DATA IN THIS EXERCISE |

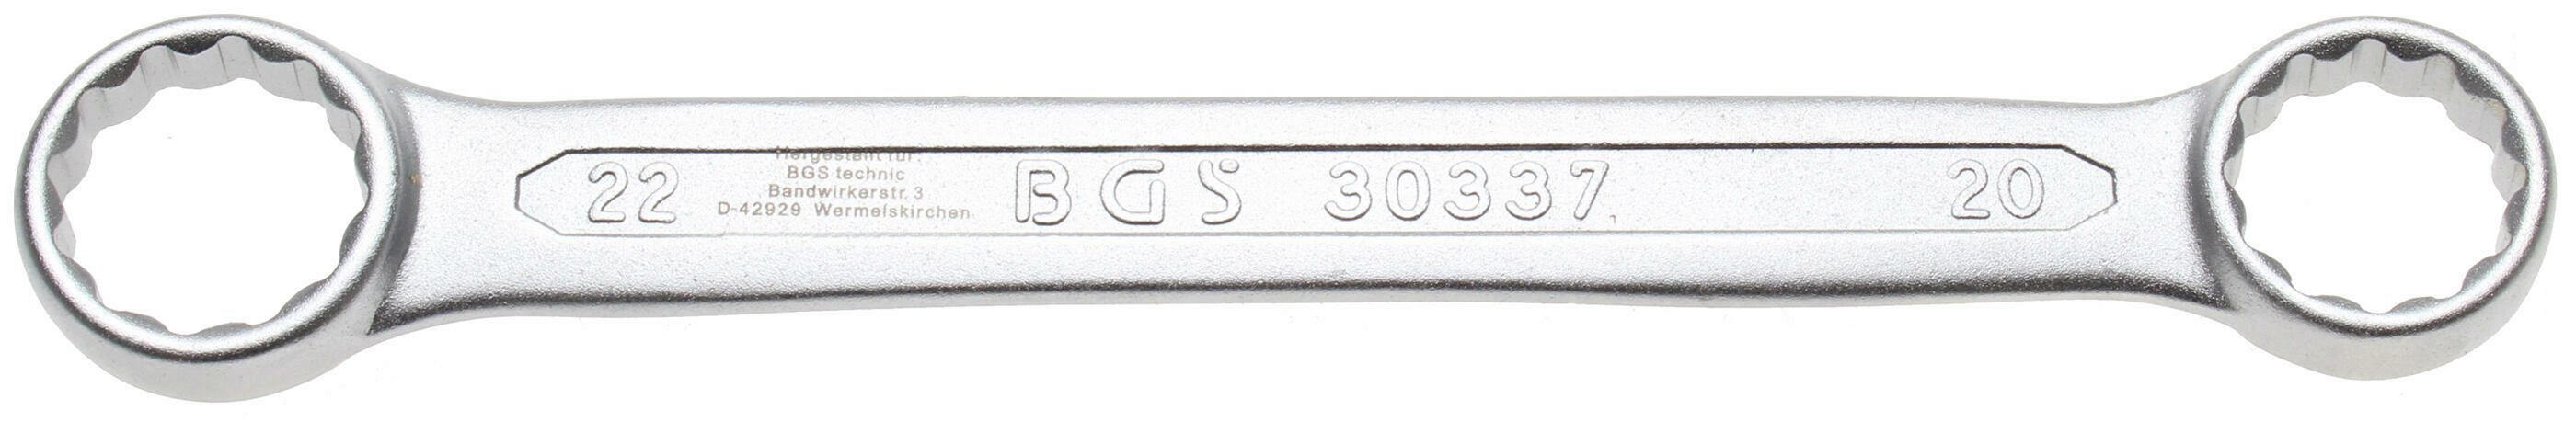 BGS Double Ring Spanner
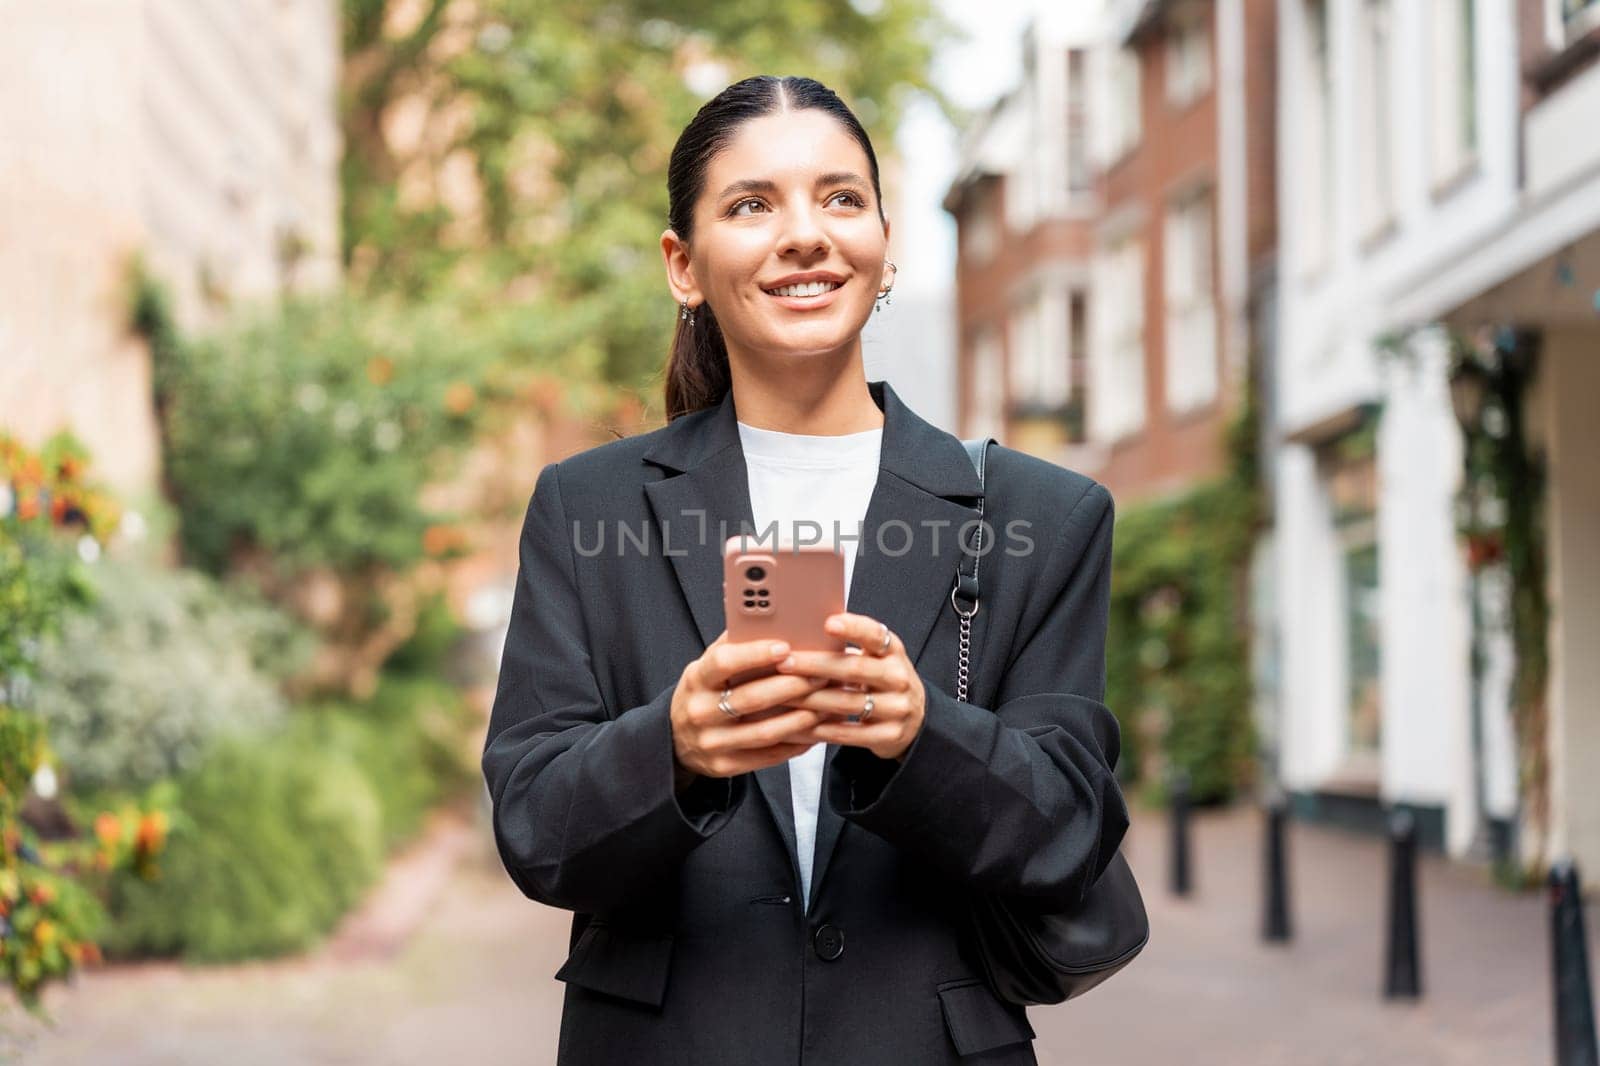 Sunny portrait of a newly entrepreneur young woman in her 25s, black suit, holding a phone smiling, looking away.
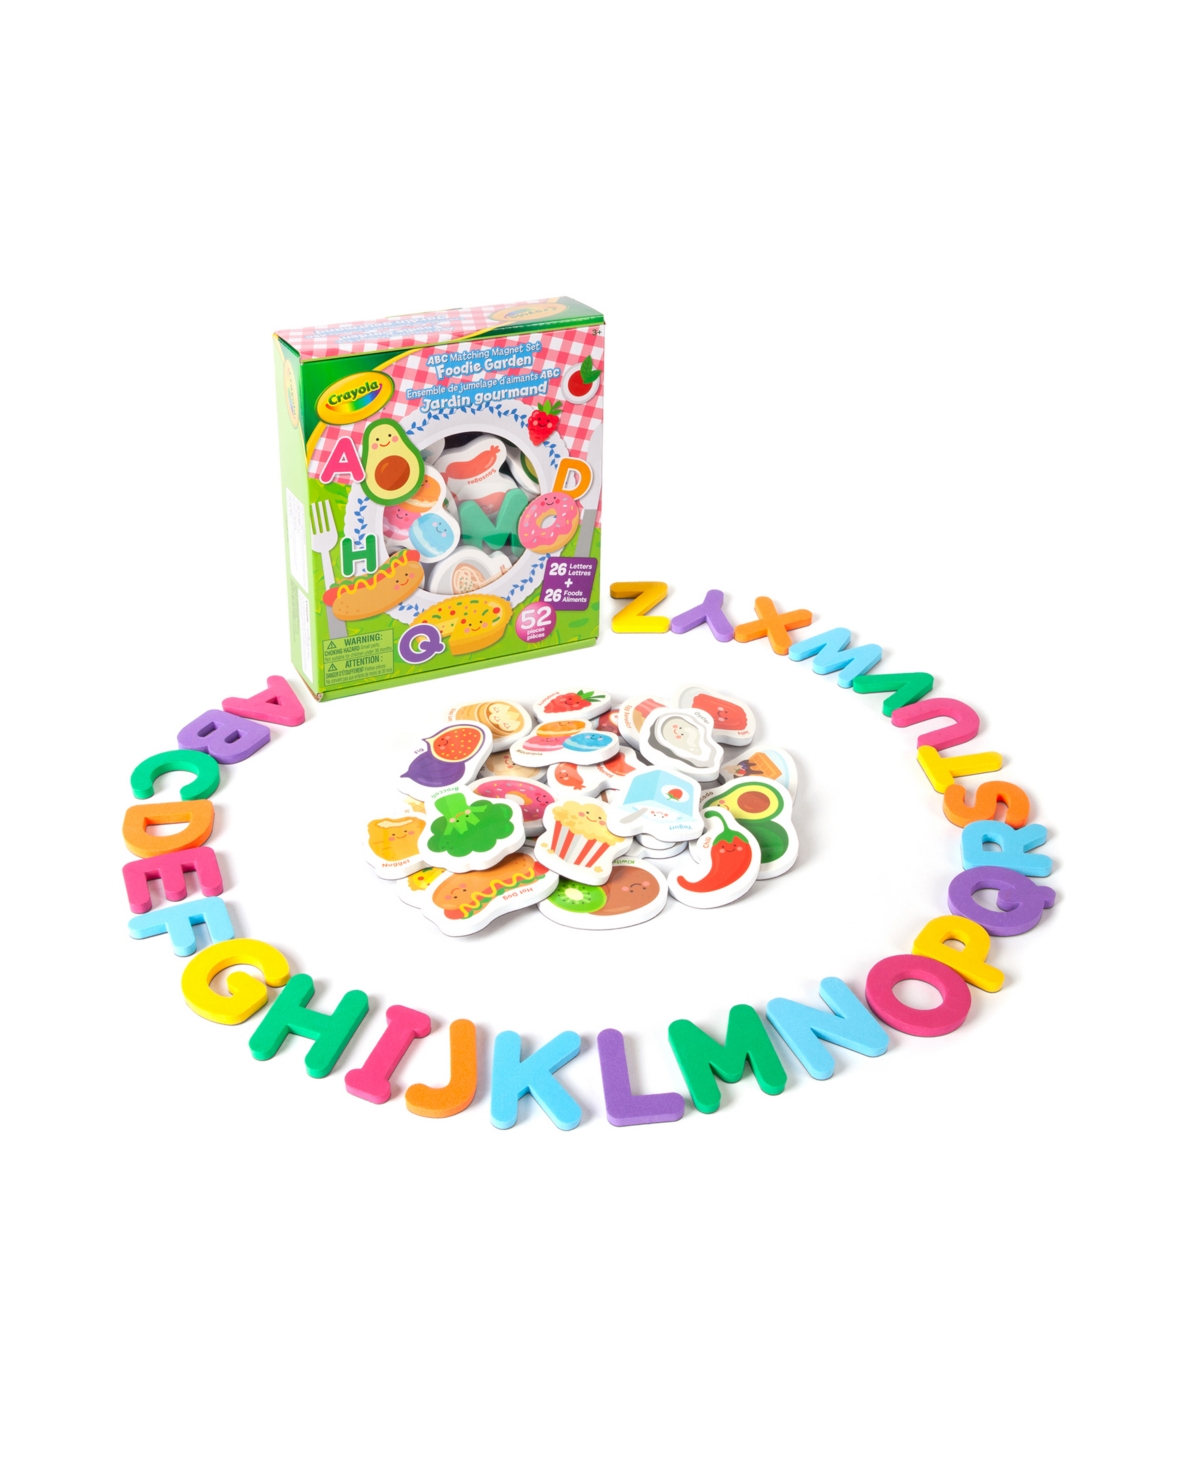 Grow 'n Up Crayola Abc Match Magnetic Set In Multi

==

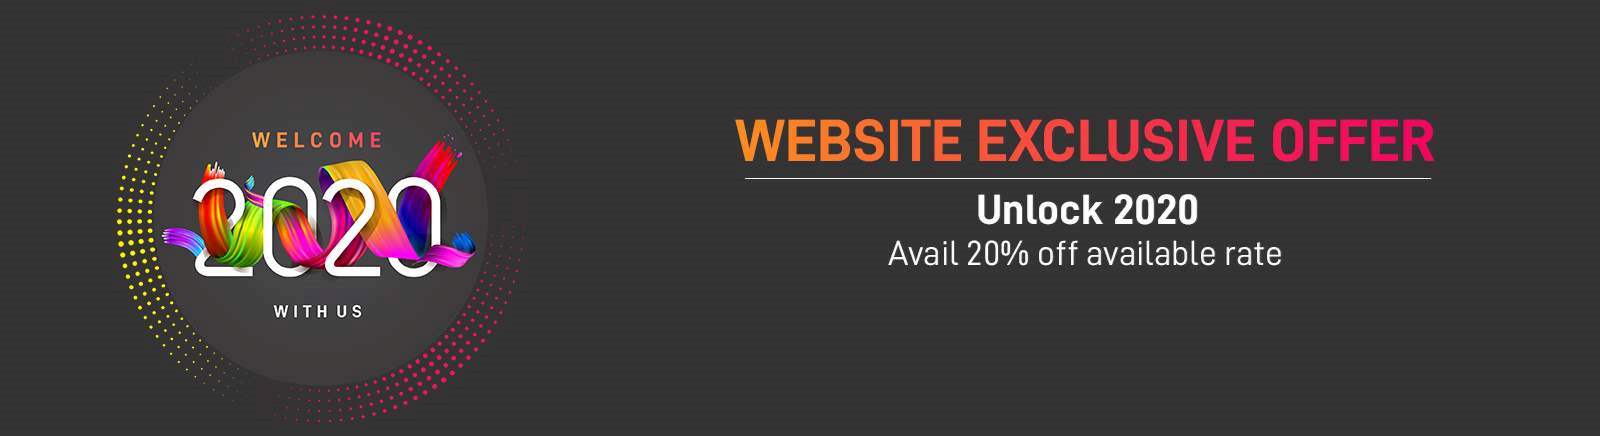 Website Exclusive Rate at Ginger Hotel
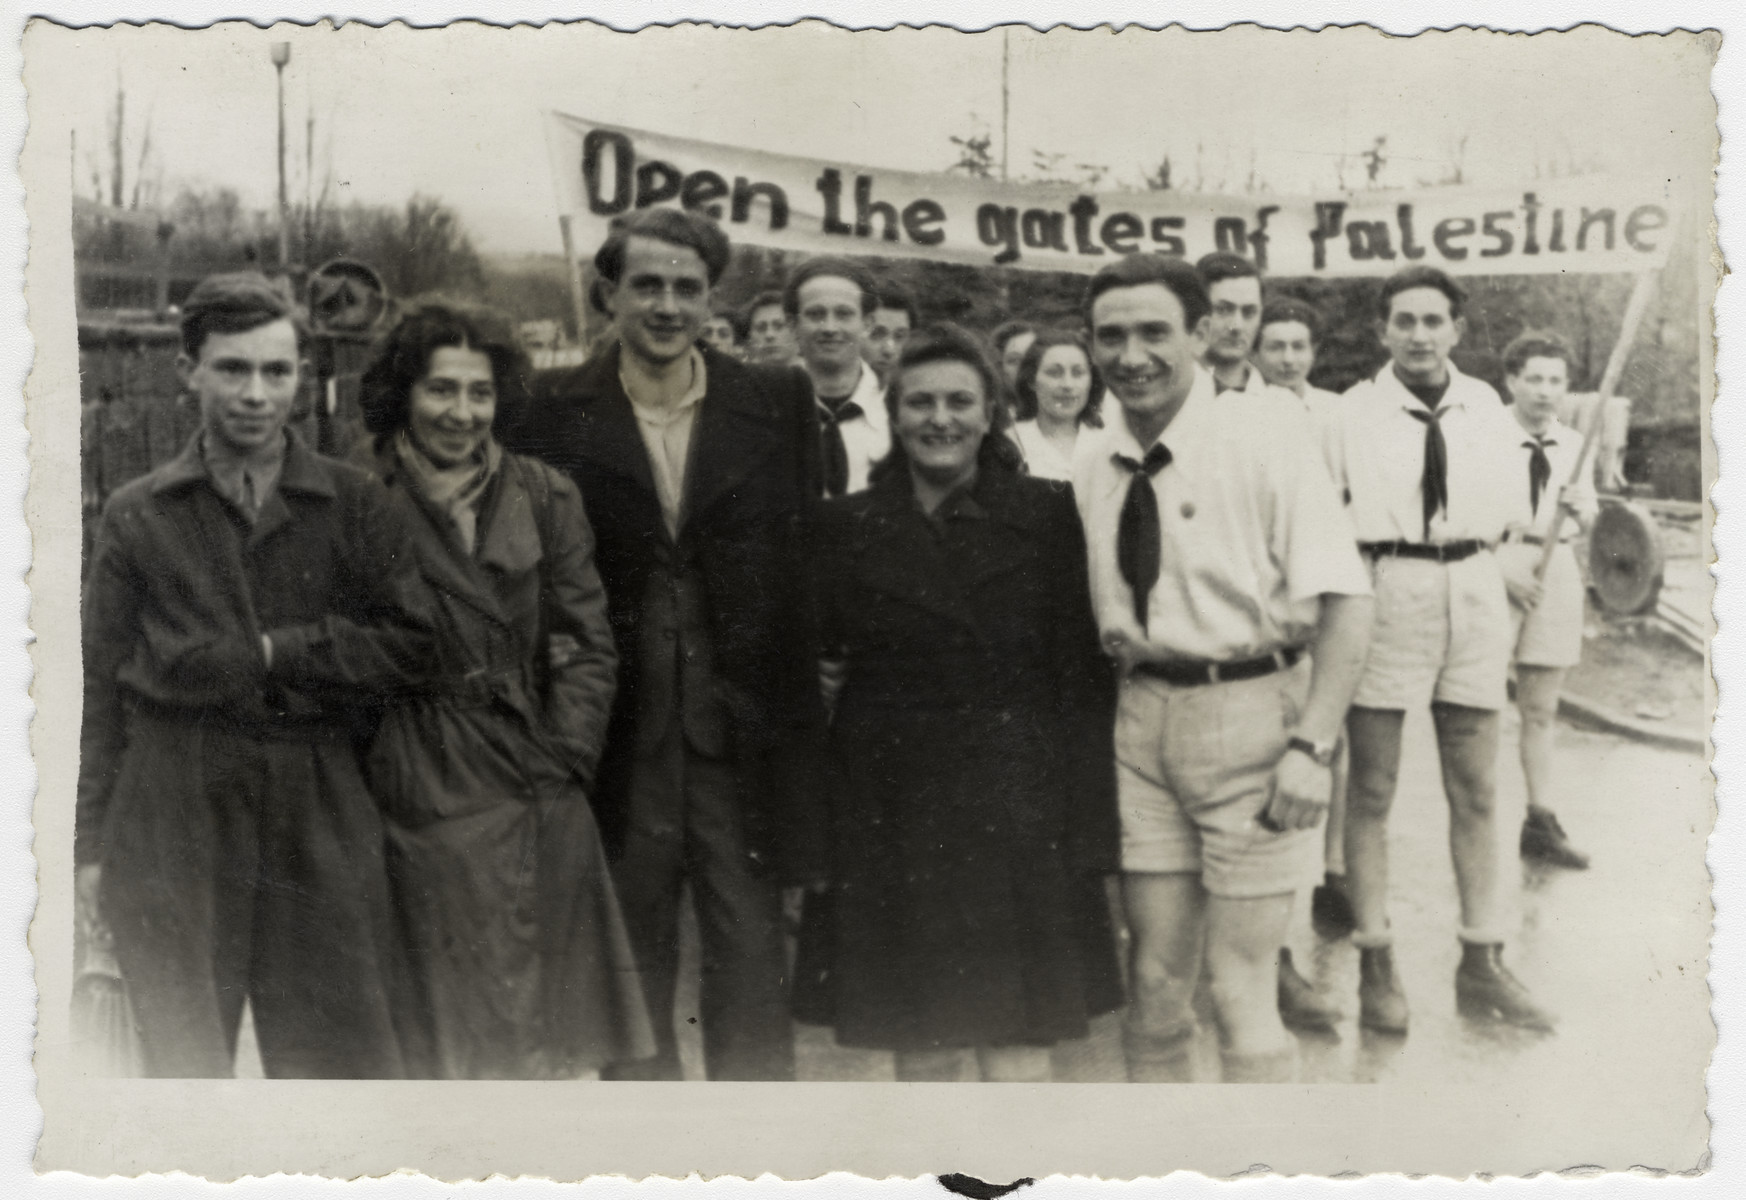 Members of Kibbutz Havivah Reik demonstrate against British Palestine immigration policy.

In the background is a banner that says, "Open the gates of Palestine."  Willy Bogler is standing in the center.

---

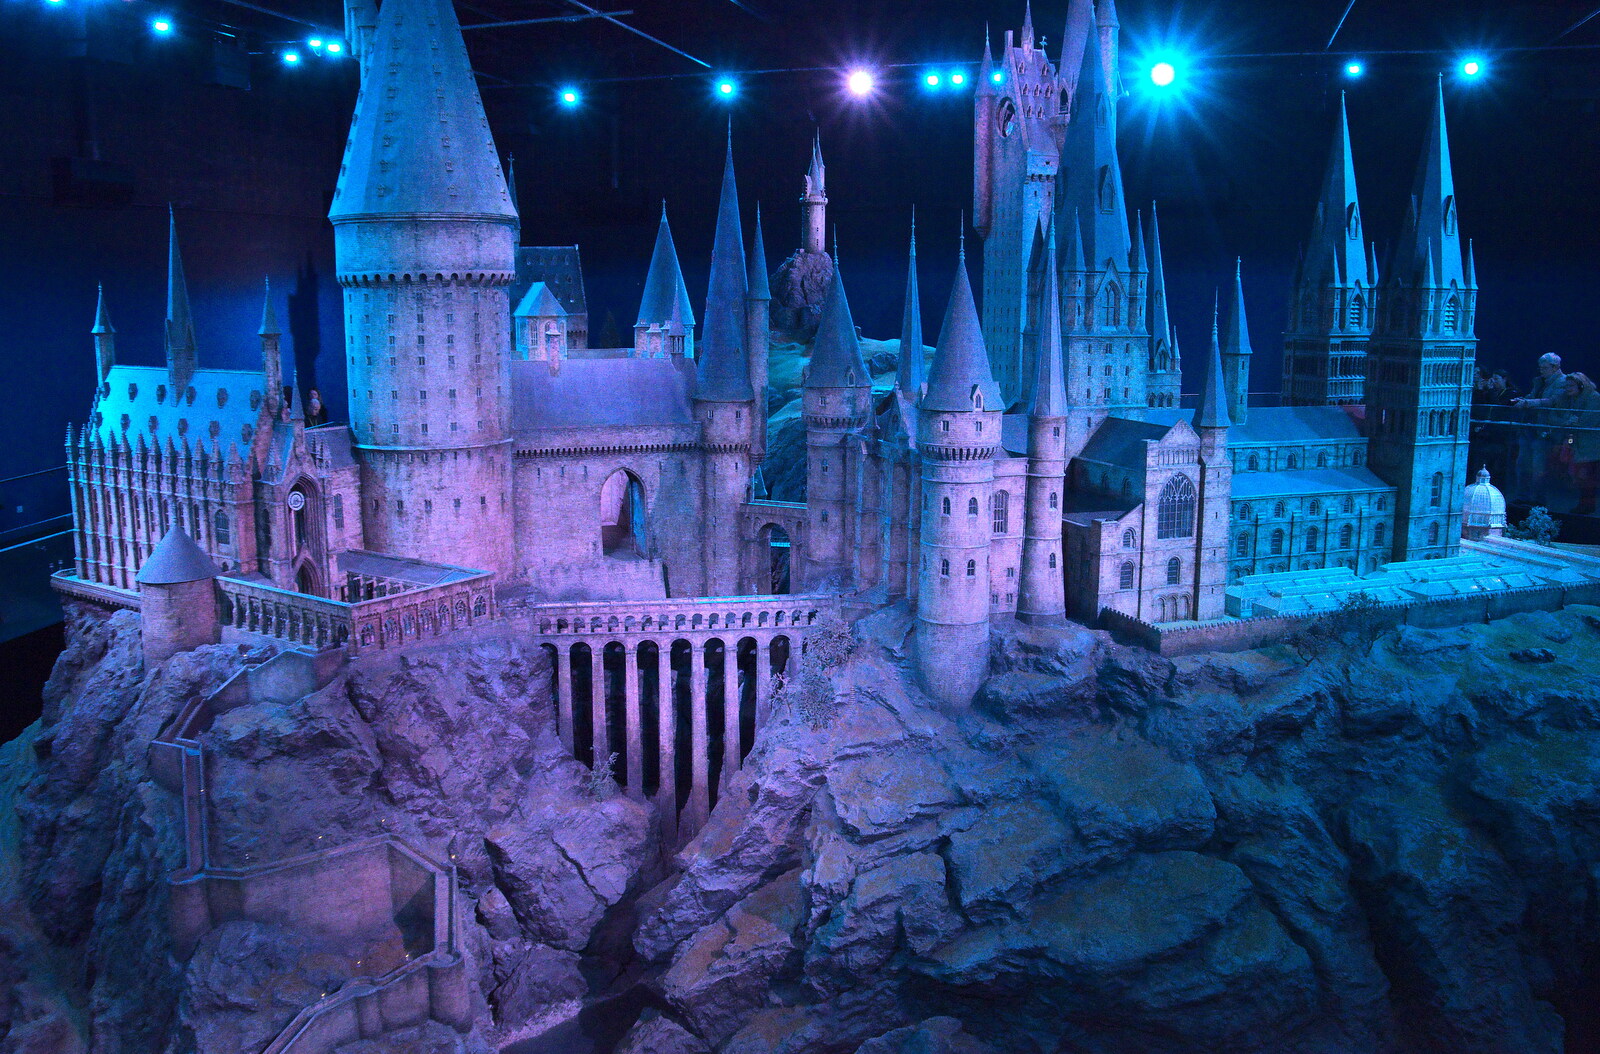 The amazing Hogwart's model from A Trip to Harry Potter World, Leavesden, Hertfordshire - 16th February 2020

AIM OF THE EXERCISE | Beginning with the line above that contains "BGS Double Ring Spanner" and finishing with the line that contains "Grow 'n Up Crayola", print those lines exactly and only. Skip all pictures.

ANSWER TO THIS PROBLEM |
 BGS Double Ring Spanner
 Sunny portrait of a newly entrepreneur young woman in her 25s, black suit, holding a phone smiling, looking away.
 Grow 'n Up Crayola Abc Match Magnetic Set In Multi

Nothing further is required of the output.